Last Time: Wrapping up EKF

  • EKF is based on Taylor series expansions of \(f\) and \(h\) around current state estimate

  • Advantages of EKF

    • Almost same as basic Kalman filter, easy to use
    • Intuitive, engineering way of constructing approximations
    • Works very well in practical estimation problems.
    • Computationally efficient
  • Limitations of EKF

    • Does not work with strong non-linearities
    • Only Gaussian noise processes are allowed
    • Measurement model and dynamic model functions need to be differentiable
    • Computation and programming of Jacobian matrices can be quite error prone
  • Linearization assumes that all second and higher order terms in Taylor series expansion are negligible

    • In some situations, higher order terms have negligible effects
    • In others, they can significantly degrade estimator performance.
  • Possible to extend EKF approach to higher order terms

    • Second-order Gaussian filter
    • Assumes piece-wise quadratic model and truncates Taylor series expansion after second term
    • Hessian required

Last Time: Unscented Kalman Filter

  • Need for a method that is:
    1. Provably more accurate than linearization;
    2. Does not incur computational costs of other higher order filtering schemes
  • Key observation: Easier to approximate a pdf than an arbitrary nonlinear transformation
Image
From Julier and Uhlmann, Proc. IEEE, 2004
  • Unscented transform
    • Choose a set of points (sigma points)
    • Nonlinear function is applied to each point to yield a cloud of transformed points
    • Statistics of transformed points calculated to form estimate of nonlinearly transformed mean and covariance

Unscented Kalman Filter

  • Key features
    • Sigma points are not drawn at random
    • High-order information about the distribution captured with a fixed small number of points
    • Sigma points can be weighted in ways that are inconsistent with the distribution interpretation of sample points in a particle filter.
  • General Sigma-point selection framework
    • No practical filter can maintain the full distribution of the state
    • Simpler distribution of the form may be heuristically assumed, e.g., Gaussian
    • Goal is to match different properties of a given distribution, e.g., moments
    \[ \mathbf{c}[\calS,p_x(\bfx)]=0 \] where \(\mathbf{c}\) denotes a cost constraint
    • In general, find sigma points \(\calS\) that solve
    \[ \min_\calS \text{cost}[\calS,p_x(\bfx)] \textsf{ such that } \mathbf{c}[\calS,p_x(\bfx)]=0 \]

Unscented Kalman Filter

  • Matching mean and covariance of a Gaussian \[ \begin{aligned} \mathbf{c}_1[\calS,p_x(\bfx)]&=\sum_{i=0}^p w^{(i)}\bfx^{(i)} - \bar{\bfx}\\ \mathbf{c}_2[\calS,p_x(\bfx)]&=\sum_{i=0}^p w^{(i)}(\bfx^{(i)}-\bar{\bfx})(\bfx^{(i)}-\bar{\bfx})^\intercal - \Sigma_x\\ \end{aligned} \]

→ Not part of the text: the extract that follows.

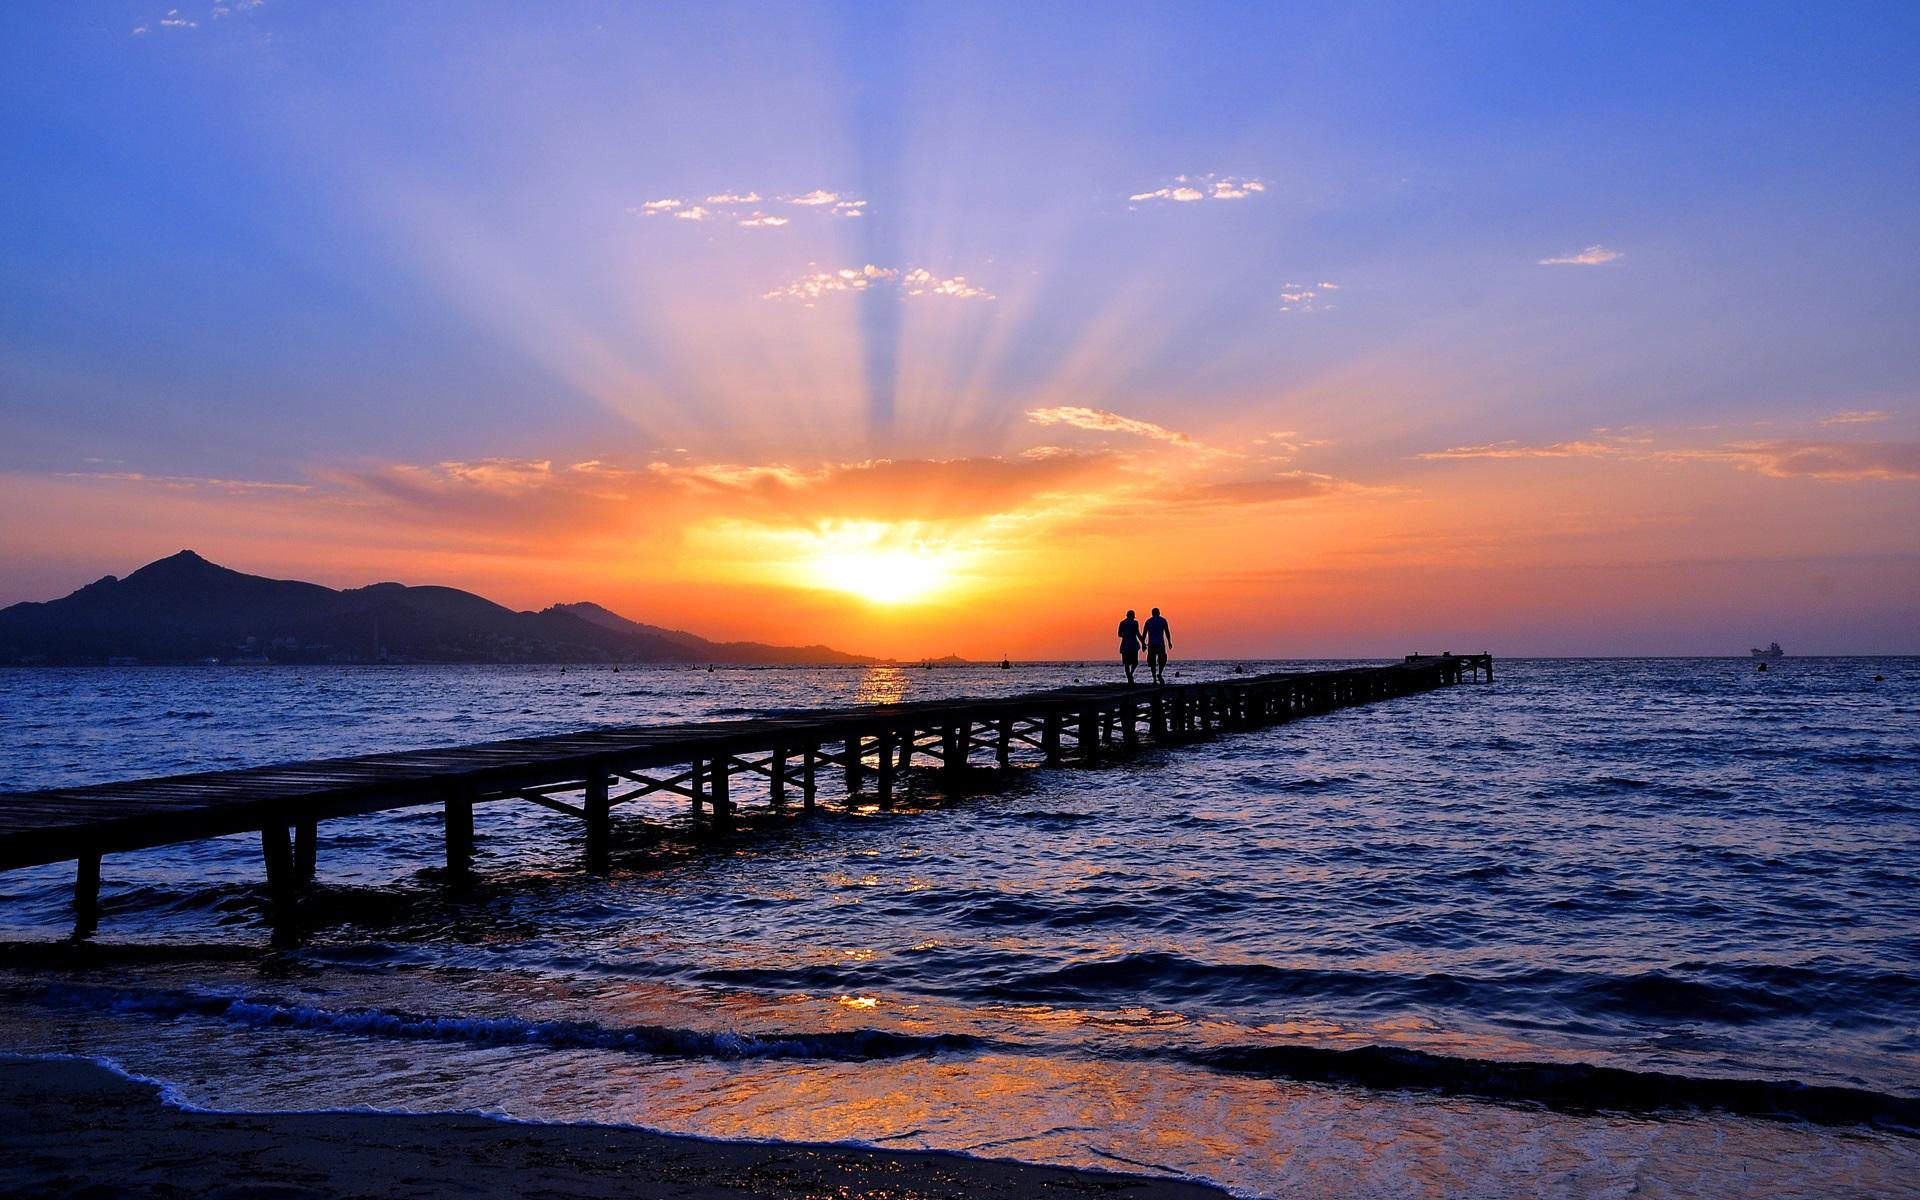 壁紙描述: 海邊,海水,沙灘,橋�,兩個人,天空

  • Solution: set of points that lie on the \(\sqrt{N_x}\) covariance contour

    • \(p = 2N_x\), \(w^{(0)}=0\)
    • For \(i\in\intseq{1}{N_x}\) \(\bfx^{(i)}= \bar{\bfx}+(\sqrt{N_x\Sigma_x})_i\) and \(w^{(i)} = \frac{1}{2N_x}\)
    • For \(i\in\intseq{N_x+1}{2N_x}\) \(\bfx^{(i)}= \bar{\bfx}-(\sqrt{N_x\Sigma_x})_i\) and \(w^{(i)} = \frac{1}{2N_x}\)
    • \(\Sigma_x = \sqrt{\Sigma_x}\sqrt{\Sigma_x}^\intercal\) with \((\sqrt{\Sigma_x})_i\) \(i\)-th column
  • Propagate sigma points through non-linear transform

    • \(\bar{\bfy} = \sum_{i}w^{(i)}h(\bfx^{(i)})\)
    • \(\sum_{i} w^{(i)}(h(\bfx^{(i)})-\bar{\bfy})(h(\bfx^{(i)})-\bar{\bfy})^\intercal\)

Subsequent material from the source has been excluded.